Letter to The American Conservative

Jared Taylor, American Renaissance, February 21, 2006

In an article in the Feb. 13 issue of The American Conservative, Steve Sailer writes at length about the concept of “citizenism,” which he defines as putting the interests of a nation’s current citizens over the interests of others. In it, he makes the following reference to AR editor, Jared Taylor:

Nor does citizenism suffer the fatal paradox dooming the white nationalism advocated by Jared Taylor and others who encourage whites to get down and mud-wrestle with the Al Sharptons of the world for control of the racial spoils system. Unfortunately for Taylor’s movement, white Americans don’t want, as he recommends, to act like the rest of the world; they want to act like white Americans. They believe on the whole in individualism rather than tribalism, national patriotism rather than ethnic loyalty, meritocracy rather than nepotism, nuclear families rather than extended clans, law and fair play rather than privilege, corporations of strangers rather than mafias of relatives, and true love rather than the arranged marriages necessary to keep ethnic categories clear-cut.
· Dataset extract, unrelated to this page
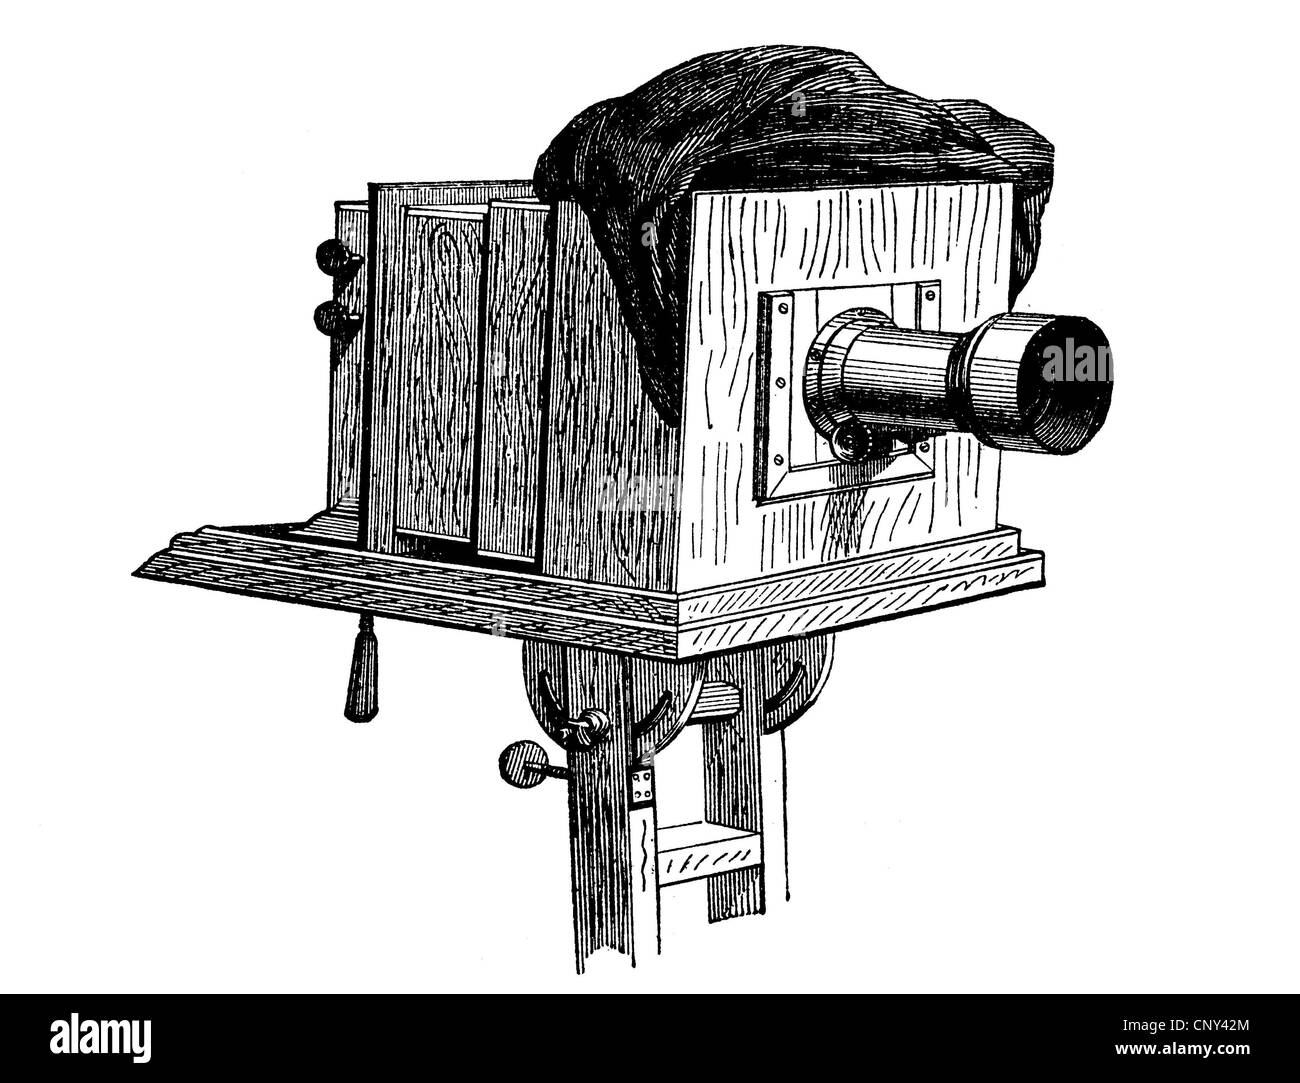 Appareil photo, caméra, historique de la gravure sur bois, vers 1888 Banque D'Images

Mr. Taylor wrote the following letter in reply, but the editor of The American Conservative declined to publish it, citing space constraints:

In his article on “citizenism” in the latest issue, Steve Sailer says any appeal to white interests will fail because whites don’t want to “get down and mud-wrestle with the Al Sharptons of the world for control of the racial spoils system.” Mr. Sailer can write as dismissively as he likes, but for most of their history, white Americans had a very clear sense of their racial interests, and they acted on them.

The very first American Congress—that of 1790—established the young nation’s citizenship laws, permitting naturalization only to “free white persons.” In 1884, nearly 100 years later, the Supreme Court ruled that this meant American Indians were not citizens—they were not white. Americans passed countless laws to exclude Asians. The ban on immigration and naturalization of Chinese continued until 1943, and was lifted only when the United States found itself allied with China in the Second World War. Congress set an annual quota of 105 Chinese. Until 1965, therefore, we had an immigration policy designed to keep the country white (“citizenism” at its best), and our laws changed only after assurances from liberals that new policies would not upset the ethnic balance.
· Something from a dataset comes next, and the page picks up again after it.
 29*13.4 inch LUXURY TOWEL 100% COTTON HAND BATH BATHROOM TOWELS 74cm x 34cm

Of the 50 states, no fewer than 44 had anti-miscegenation laws. Massachusetts lifted its ban in 1843 only for libertarian reasons. The new law explained: “It is cruel, unjust and improper to . . . punish that as a high crime, which is at most evidence of vicious feeling, bad taste, and personal degradation.”

Several Southern states wrote anti-miscegenation into their constitutions, and South Carolina and Alabama expunged their bans by popular vote only in 1998 and 2000 respectively. Thirty-eight percent of voters in South Carolina and 42 percent in Alabama voted to *keep* the ban.

Until John Kennedy, there was not a single US President who did not take it for granted that, as Harry Truman put it, “Negroes ought to be in Africa, yellow men in Asia and white men in Europe and America.”

It was white people with a clear sense of race and racial interests who built the country to which non-whites now want to immigrate. If whites had kept to their earlier policies, Mr. Sailer would not need to promote his clumsy concept of “citizenism.” There would be no “racial spoils system,” and certainly no “mud wrestling.” This is the price whites have paid for their loss of racial consciousness. If they do not regain a sense of their racial interests, they will pay a far higher price: they will become a despised minority in a country that has lost its European culture.